Mine takes between 45 mins and 1 1/4 hrs per horse depending which one it is!  Have to say like those above I would be really concerned if he was taking 20 mins to fully hot shoe a horse!  Especially for £60 a time. It might be that there haven't been problems in terms of shoes etc falling off but, speaking from experience with a previous farrier, that doesn't mean the horses feet are perfectly balanced and shoes made to fit! My farrier takes each shoe back to the anvil at least twice to make sure it is just right.
PS Henryhorn, my farrier shoes for the queen now - he must have taken over when yours moved away!!


----------



## MagicMelon (13 November 2007)

Usually about 45 mins - 1 hour a horse. But that's because he moans of a sore back and needs regular cigarette / coffee breaks!


----------



## AnnaJ (13 November 2007)

Ours takes about 2 1/2 hrs for a trim and a full shoe!!! He is a right chatter box too!!!!


----------



## Benjamin (13 November 2007)

My farrier usually takes about an hour to an hour and a half!

My old 'kwik fit fitter' used to take 20 minutes!


----------



## Tia (13 November 2007)

Mine cold shoes - and works very hard and very quickly - he's been a farrier for 30 years and is very very good at his job.   I wouldn't ever want to change him.


----------



## Enfys (13 November 2007)

I had a trimmer that took an hour per horse! After two visits for 5 horses each time I sacked him! 
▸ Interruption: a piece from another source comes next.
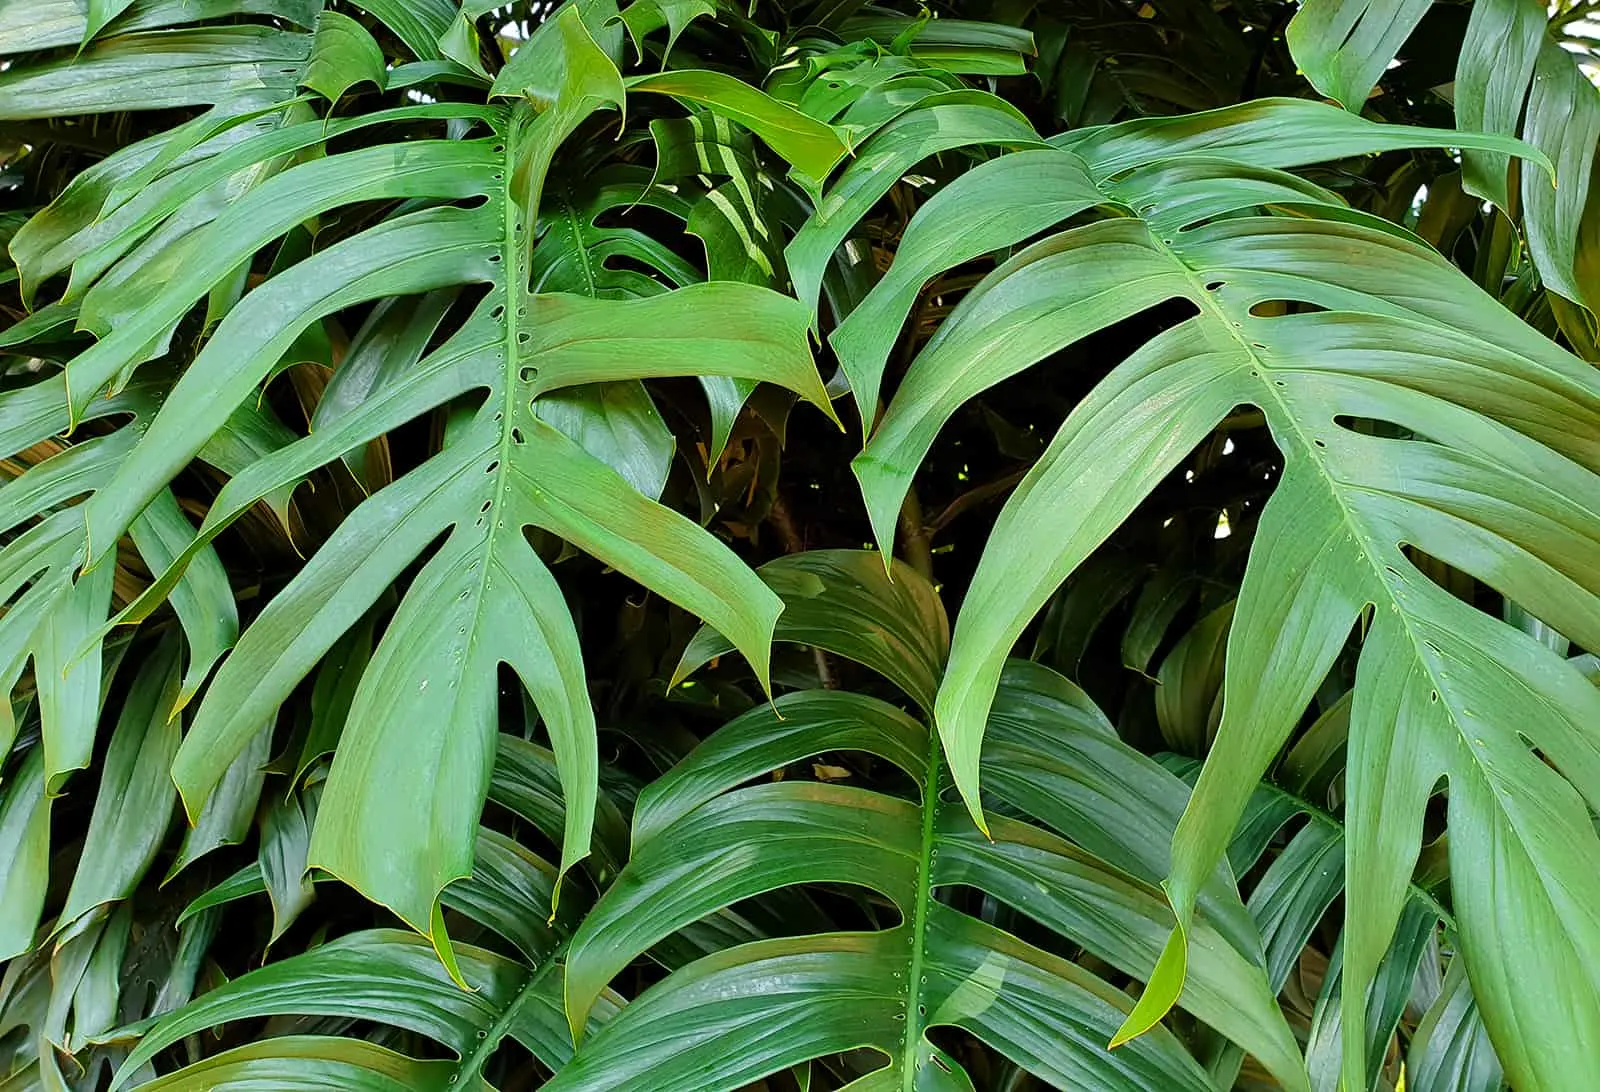 Epipremnum pinnatum leaves in garden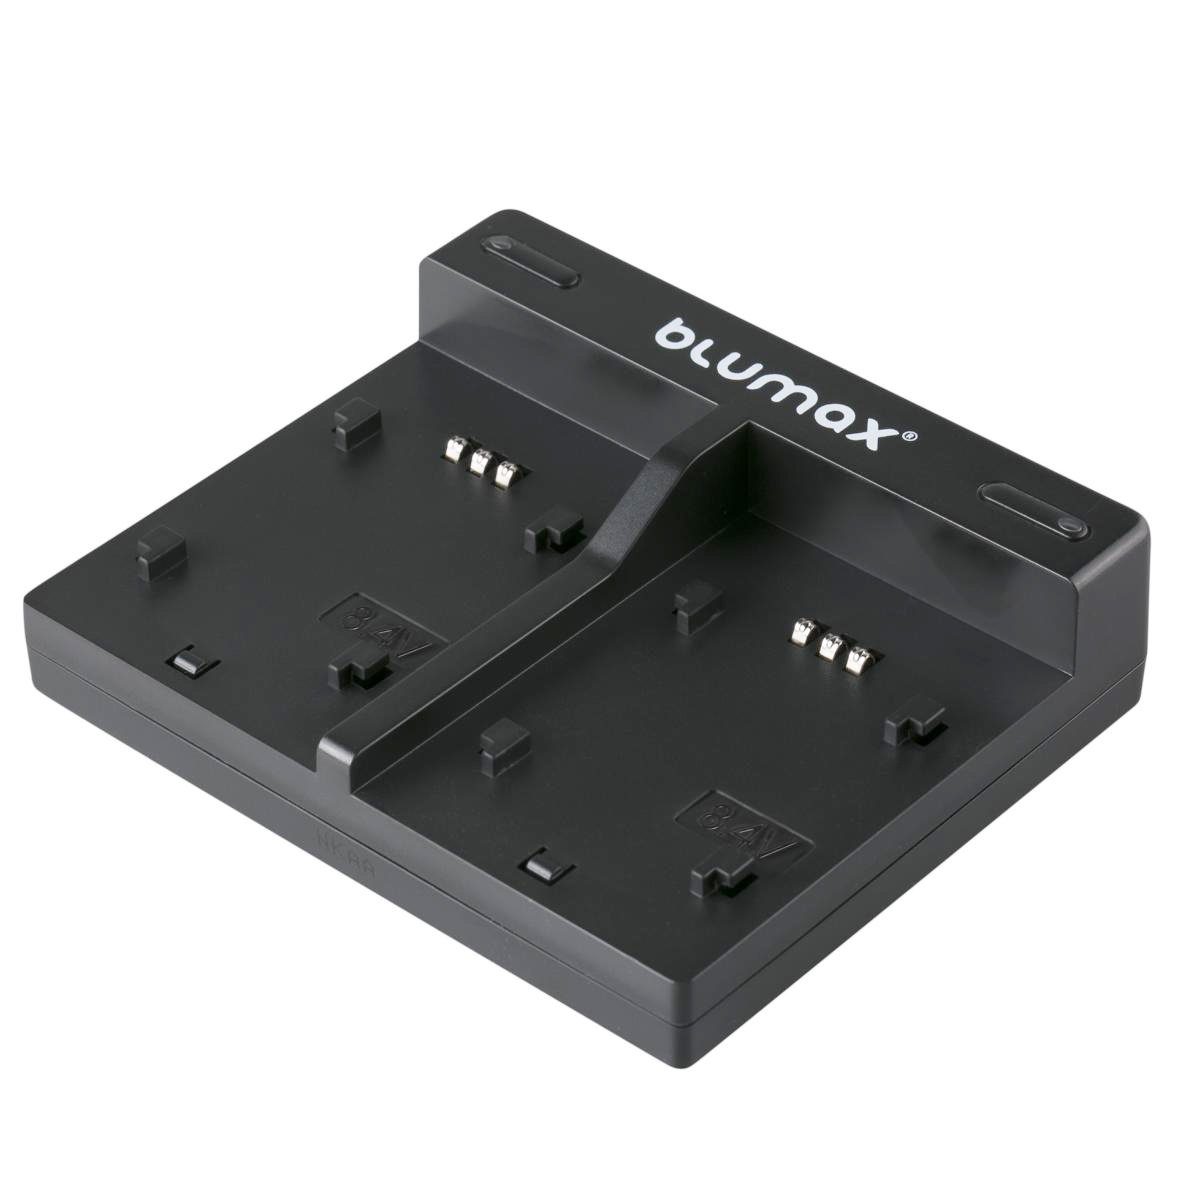 Blumax Set mit Lader für 7850mAh Kamera-Akku mit NP-F970, USB 5V Sony

Farrier in the UK took about an hour to hot shoe each horse.


----------



## Nickijem (13 November 2007)

Thanks for all your opinions - I am really pleased with the work my farrier does - and I feel I get my money's worth, he charges £50.00 for a set of four new shoes, hot shod so perhaps I should be more grateful that he takes his time and doesn't rush!


----------